Уэйн Уильямс вписывался в наш портрет по всем ключевым характеристикам, включая наличие питомца — немецкой овчарки. Яркой выраженный «полицейский фанат»; несколько лет назад его уже арестовывали за то, что он выдавал себя за копа. Уильямс водил списанный полицейский автомобиль и с помощью полицейского радара отыскивал места преступлений и делал снимки. Также выяснилось, что несколько свидетелей видели подозреваемого на Сигмон-роуд, когда следствие отвлеклось на анонимный телефонный звонок и поиски несуществующего тела. Фотографии он передавал полиции. И конечно же, он был на том благотворительном концерте в Омни.

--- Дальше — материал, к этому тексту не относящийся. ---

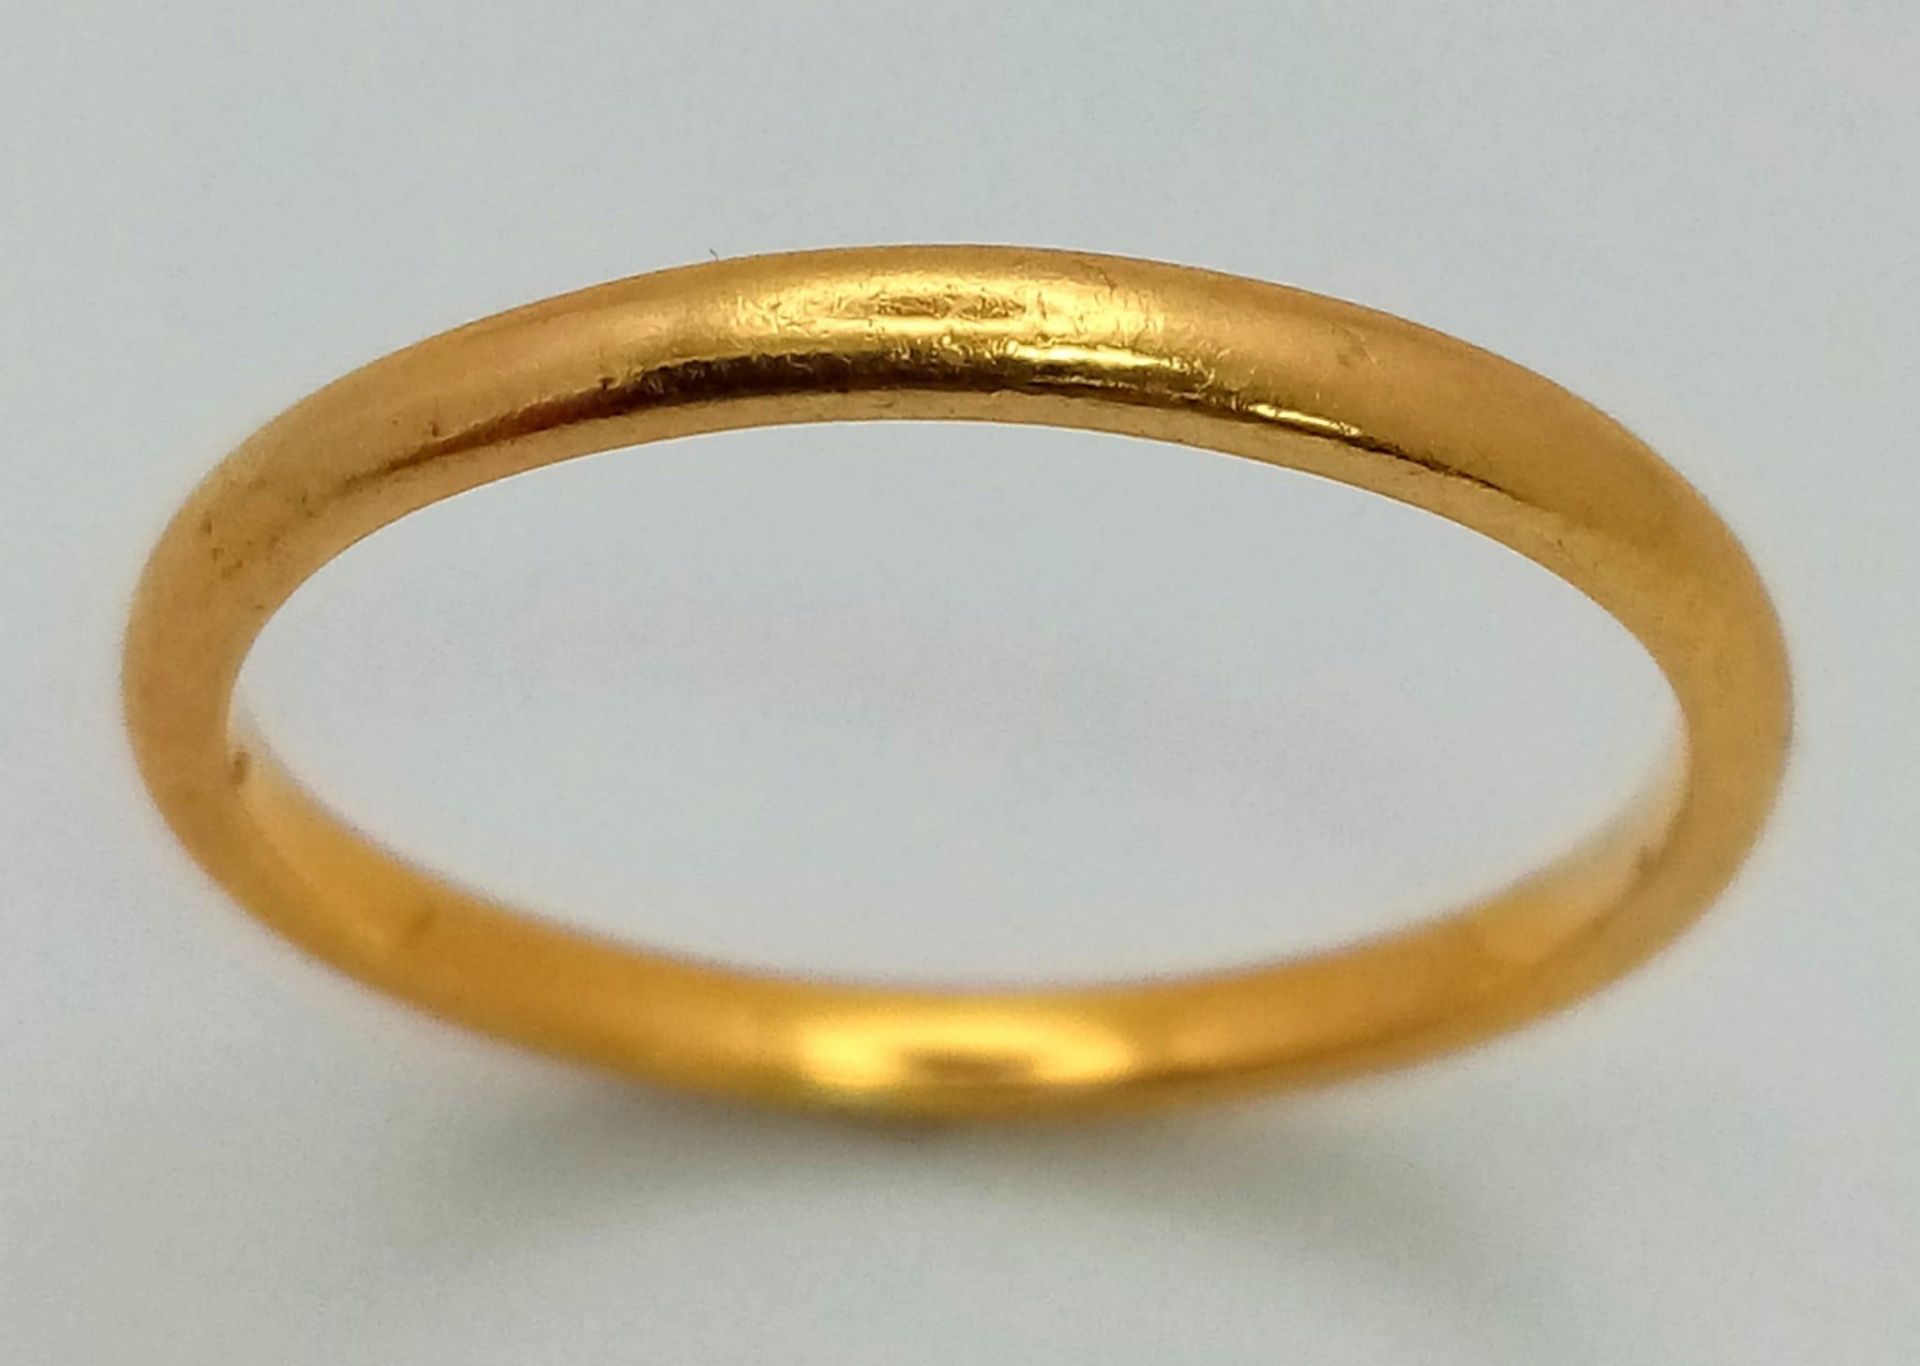 A Vintage 22K Yellow Gold Thin Band Ring. Size M. 1.84g - Image 2 of 4

Я считал, что теперь мы сможем его зацепить. ФБР просто так, без ареста, пригласило Уильямса к себе в отделение. Он охотно согласился, отвечал на вопросы и даже не требовал адвоката. Однако, судя по отчетам, допрос не организовали и не подготовили должным образом. Он прошел слишком грубо и прямолинейно. Мне доложили, что после беседы Уильямс еще некоторое время околачивался возле отделения, как будто хотел поговорить о полиции, ФБР и всяком таком. Но когда его отпустили, я понял, что нам ни за что не добиться от него признания. Подозреваемый даже согласился пройти тест на полиграфе, не давший никакого результата. Позже, когда полиция совместно с агентами ФБР получила ордер и провела обыск в доме родителей Уильямса, преподавателями на пенсии, там нашлись книжки о том, как обмануть детектор лжи.
Полиция получила ордер 3 июня. Хотя Уэйн тщательно вымыл машину, внутри все равно удалось обнаружить частицы волос и волокон, указывающих на его причастность по меньшей мере к двенадцати убийствам — тем самым, что я связал в одну серию.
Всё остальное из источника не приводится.